As I listened, I felt so grateful to all of you for supporting my work here. And so grateful for the Substack platform and for the direct dialogue I am able to have with all of you. I don’t just learn from my sources. I learn from you, especially when you write me. I learn from the people who tell me they hate what I write. That’s OK. I’m eager to learn and to discuss. The one thing worse for democracy than a heated, over-the-top conversation is no conversation at all. Thus, the danger of living in a country as polarized as this one is that the Right and the Left don’t talk to each other. One looks down on the other and vice versa. Each thinks they are in possession of true facts and the other team is deluded.
I’ve felt the division keenly recently because I’ve been spending a great teal of time far from New York in the Pacific North West reporting for the book I’m writing with James Patterson about the awful murders in Moscow, Idaho.
Moscow is a mostly liberal town, but Idaho, as you know, is deeply Republican. Many of the people I’ve interviewed bring their guns into the room with them.
One of the great privileges of reporting this book with Jim is getting to know people and communities out West I would otherwise have no or little connection with and finding common ground.
What I’ve found so uplifting about small town America is that people choose to prioritize people. They choose to live in a place where the neighborhood counts for more than money, or religion, or politics. Their neighbor’s well-being matters far more to them than what’s going on on CNN or Fox News. (Neither of which are on the TV screens in bars. Those are dedicated to football, and more football.)
When something horrific happens, they band together. Their strength lies in togetherness.
It occurred to me that in some ways we all want to experience that community feeling. That is why we scroll our Instagram feeds at night: to see what our friends are doing, to find what binds us, not what drives us apart, to be reminded of the smallness of the world, not of distance between us.
And that – right there – it seems to me is the future of journalism.
At NYU last night, Tina Brown said that perhaps the American press needs to become more like the British press. This would mean that the high-brow needs to meet the low-brow, and important stories need to be told in a populist way via mediums like TikTok and emails to which people actually pay attention. (Note, that’s a little plug for this newsletter!)
I think she is right. I think that instead of snobbishly bashing Donald Trump for his short posts (as some do), we should learn for ourselves how to better communicate with the short-form so we can meet him tit for tat.
We journalists need to evolve with the times – or die.
Once again, from the bottom of my heart, thank you for letting me live!
With Gratitude,
Vicky
Free journalism, unbiased and based on facts is what will keep democracies alive. In the USA and in Europe. All countries where journalists are hunted down, put in jail and censored in any way, will lead to a totalitarian regime. Hungary put all press critical of Orban out of business. Orban is now blocking aid to Ukraine and uses his veto power to secure €10 Billion that will end up with his corrupt friends. Free journalism is dead in Hungary and now the government wants to limit access to foreign news that is critical of Orban.

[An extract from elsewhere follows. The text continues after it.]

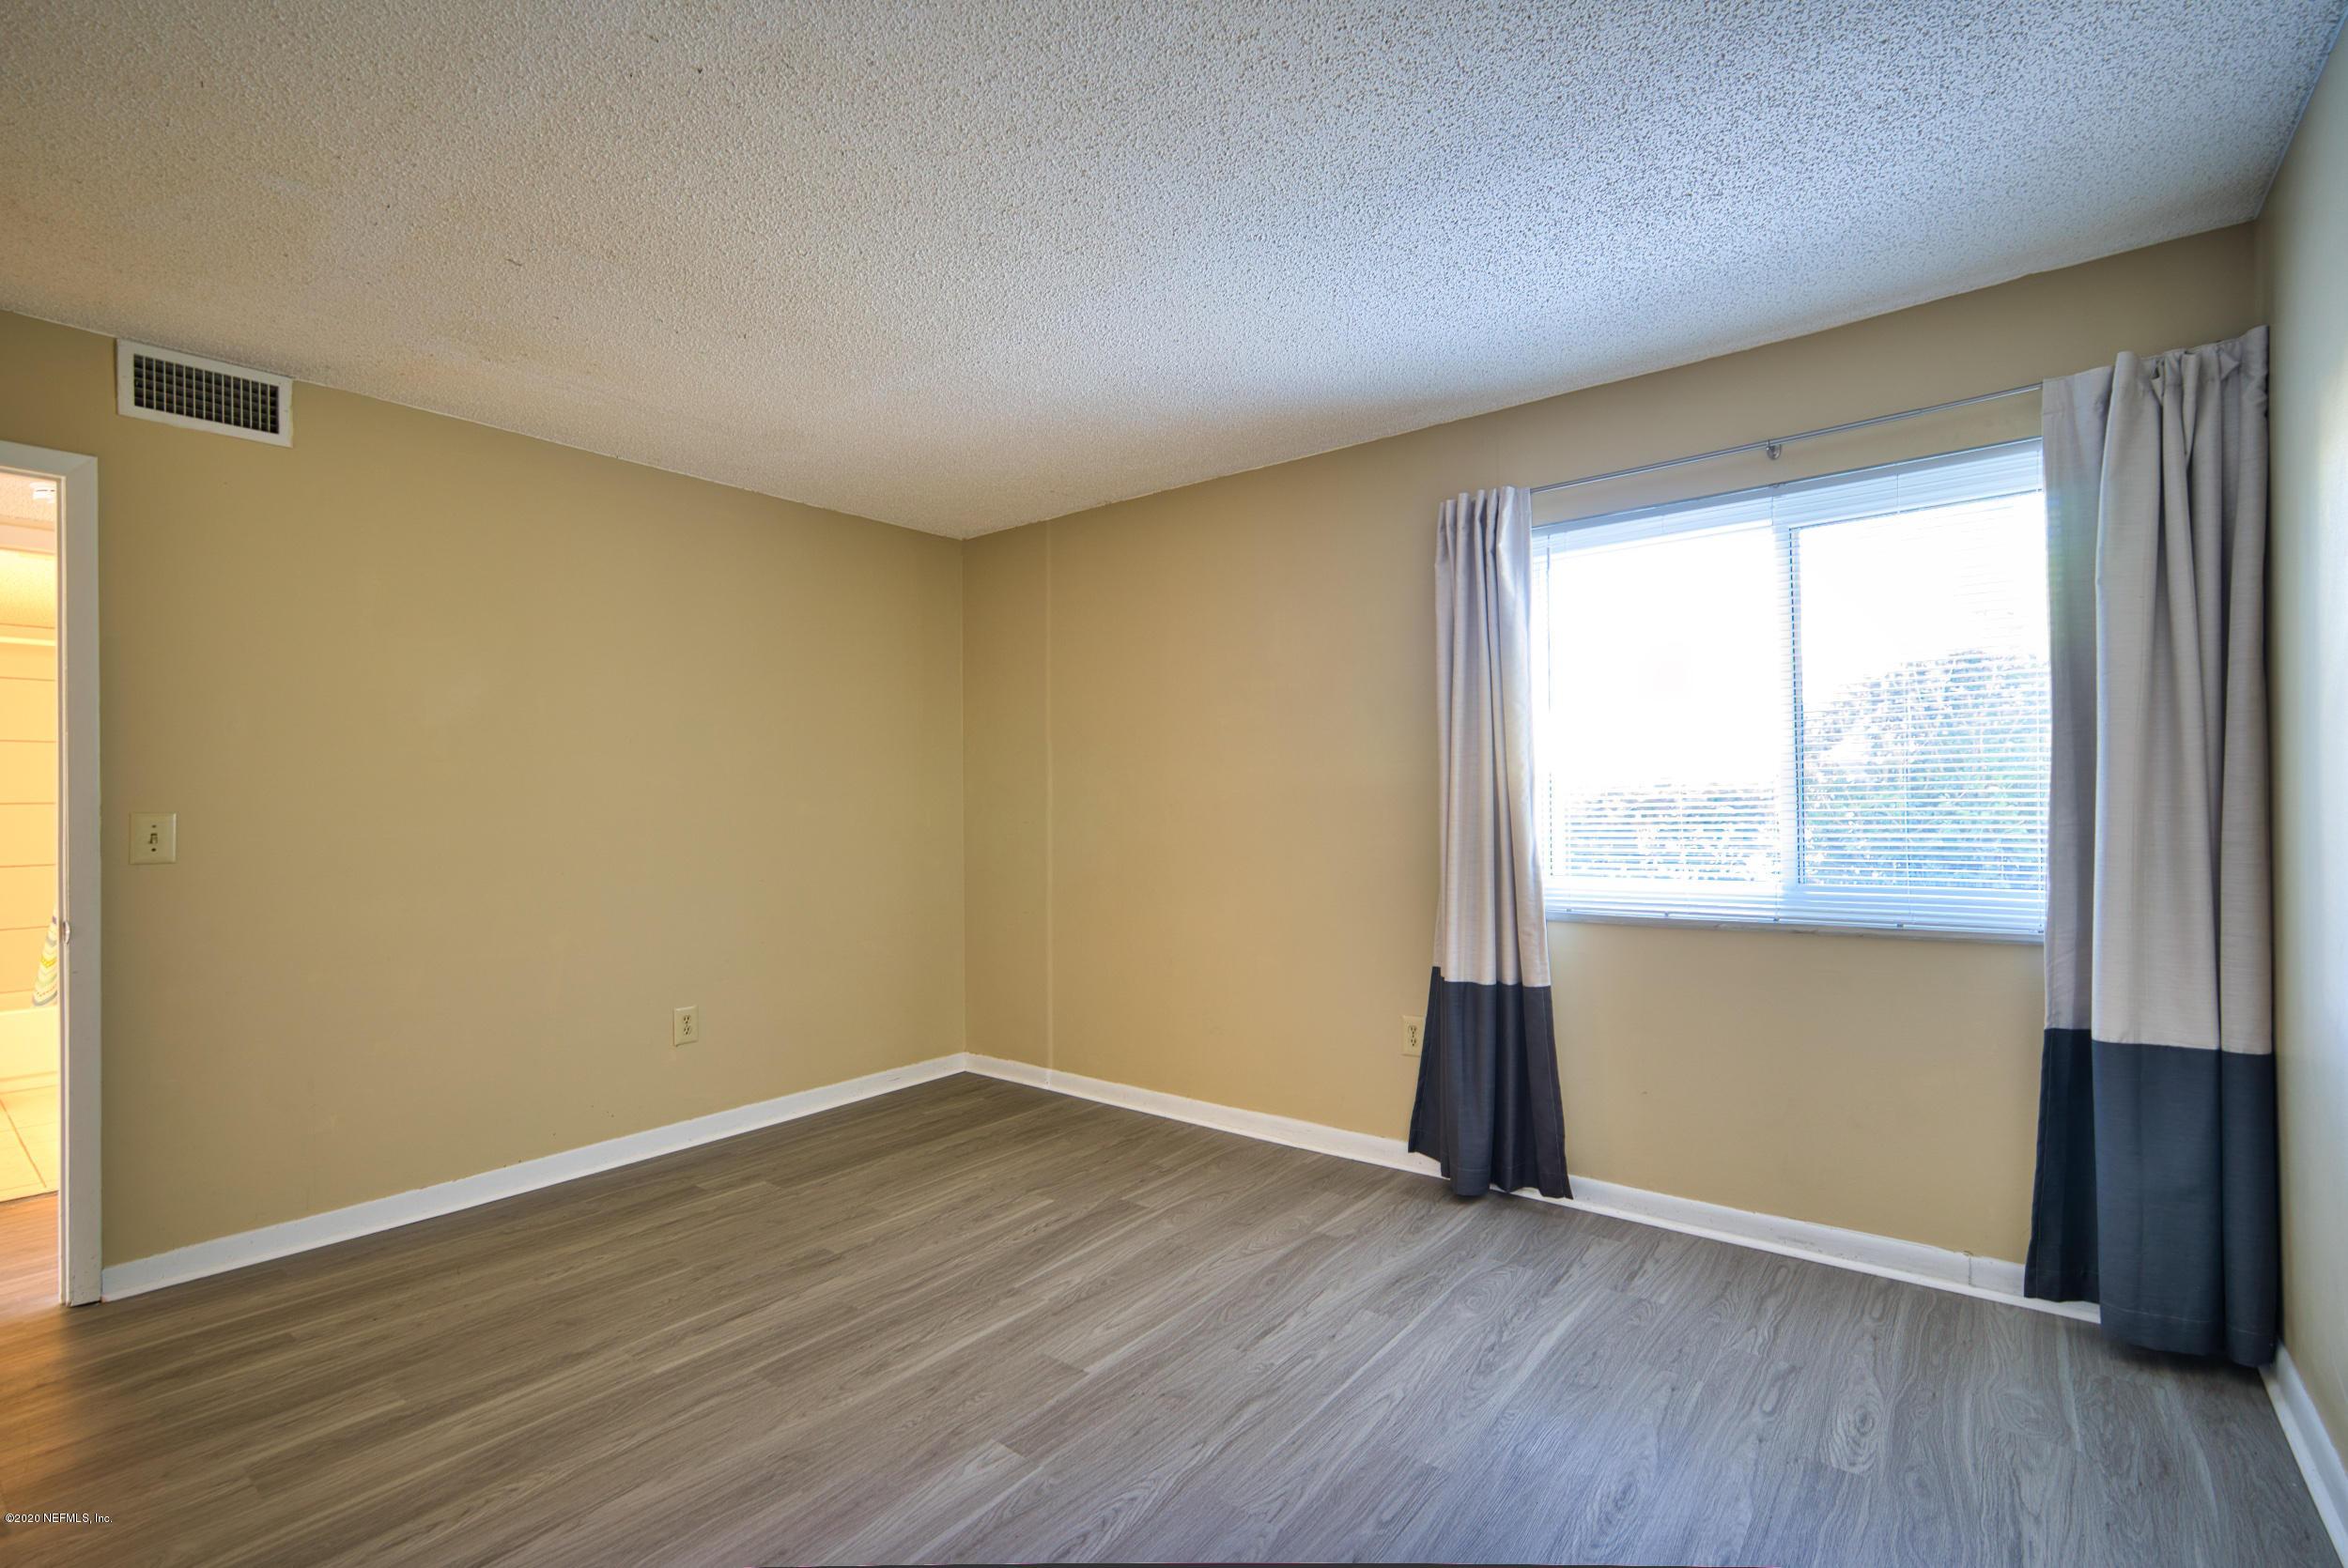 91 TIFTON, PONTE VEDRA BEACH, FLORIDA 32082, 3 Bedrooms Bedrooms, ,2 BathroomsBathrooms,Rental,For Rent,TIFTON,1082996

In Russia and China free press does not exist. It is all propaganda. In the USA some channels are also just propaganda and not based on facts. That is dangerous. All social media cares about is interaction so it will keep people in their ‘own’ information bubble so they might never see a fact again. Result: Democracy is slowly slipping away. Putin and Ci are cheering on the sidelines and do not understand why we do not stand up for a journalists, our ‘information warriors’ in the age of disinformation and propaganda. We thank you for your service!!
Journalism serves a purpose. That purpose has changed by greed, bias and politics. It’s a power game. Journalists are manipulated and manipulate. I liked this part especially “They choose to live in a place where the neighborhood counts for more than money, or religion, or politics.” It gives hope which, is more than I can say about journalism.